Pawnee Mental Health Services, USA

Title: A suggested technique for coupling breathing awareness with imagery and word-thought production

Abstract

Breathing awareness involves a number of separate brain regions. It is hypothesized that the mental exercise of producing an image with each breath can involve the brain more fully with producing images than would the production of an equivalent number of images which aren’t coupled to one’s breaths. It is similarly hypothesized that the mental exercise of producing a word or group of words with each breath, with the goal of creating a purposeful narrative, can involve the brain more fully with word-thought production than would the production of an equivalent number of words intended to create a purposeful narrative which aren’t coupled to one’s breaths. 

Biography

Dan Gollub has a master's degree in psychology and has worked as a psychologist.
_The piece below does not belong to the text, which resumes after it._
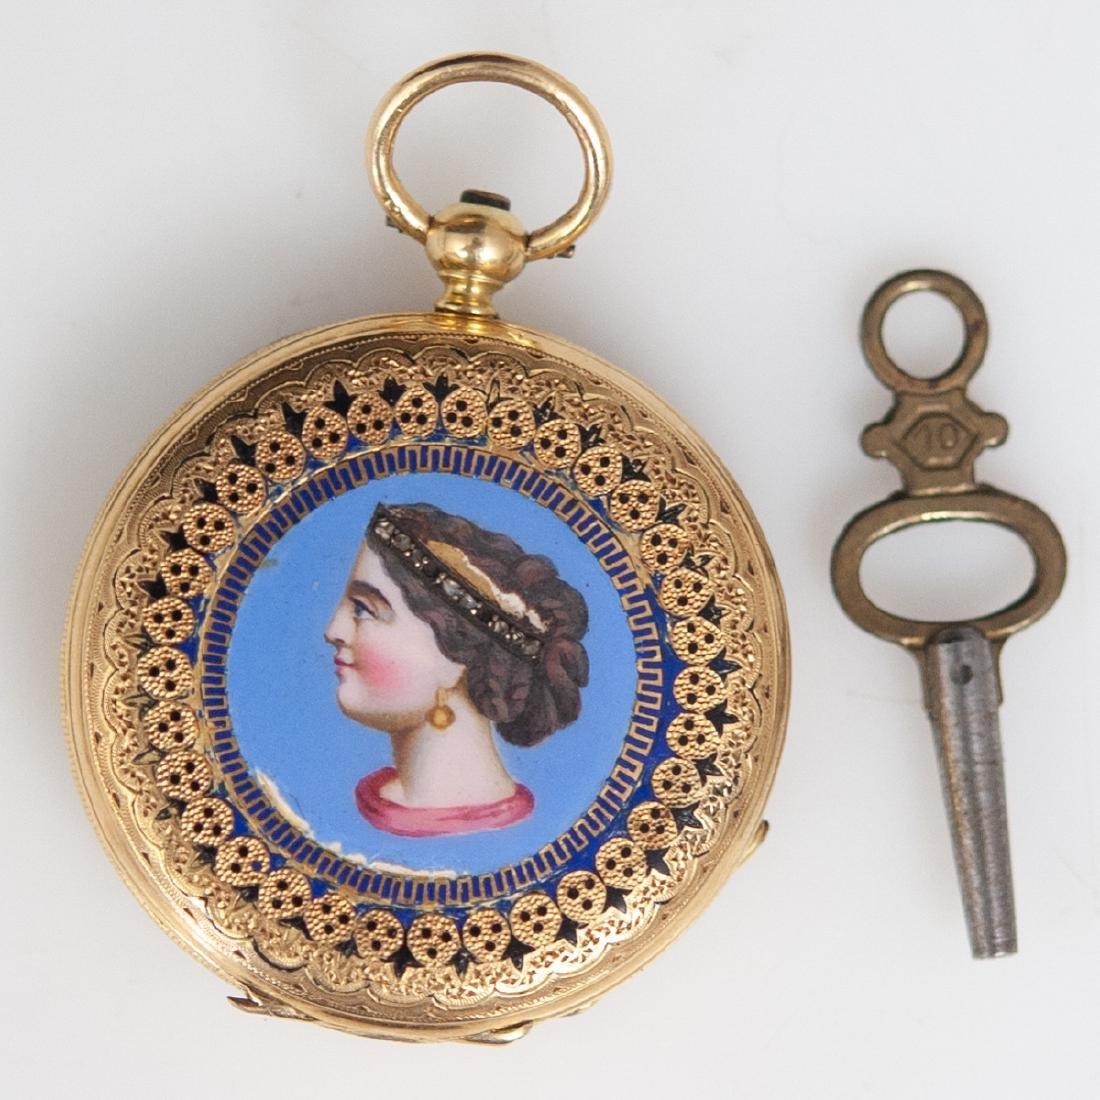 Vacheron 18kt Gold Enameled Pocket Watch

He has published research speculating about the mind's functioning, including an original approach of his to interpreting dreams. His basic concept about dreams is that they follow an unvarying emotional pattern. The beginning of every dream depicts what the inner self loves, the early-middle section shows what is desired, the late-middle section is what is undesirable, and the ending is what is hated. Some dreams seem to have happy endings, but that seemingly-positive sentiment is opposite to the dreamer's true emotional reality and accordingly the inner self is lamenting the inappropriateness of that sentiment. As an example, a morbidly obese person might laugh at the end of a dream about being so overweight.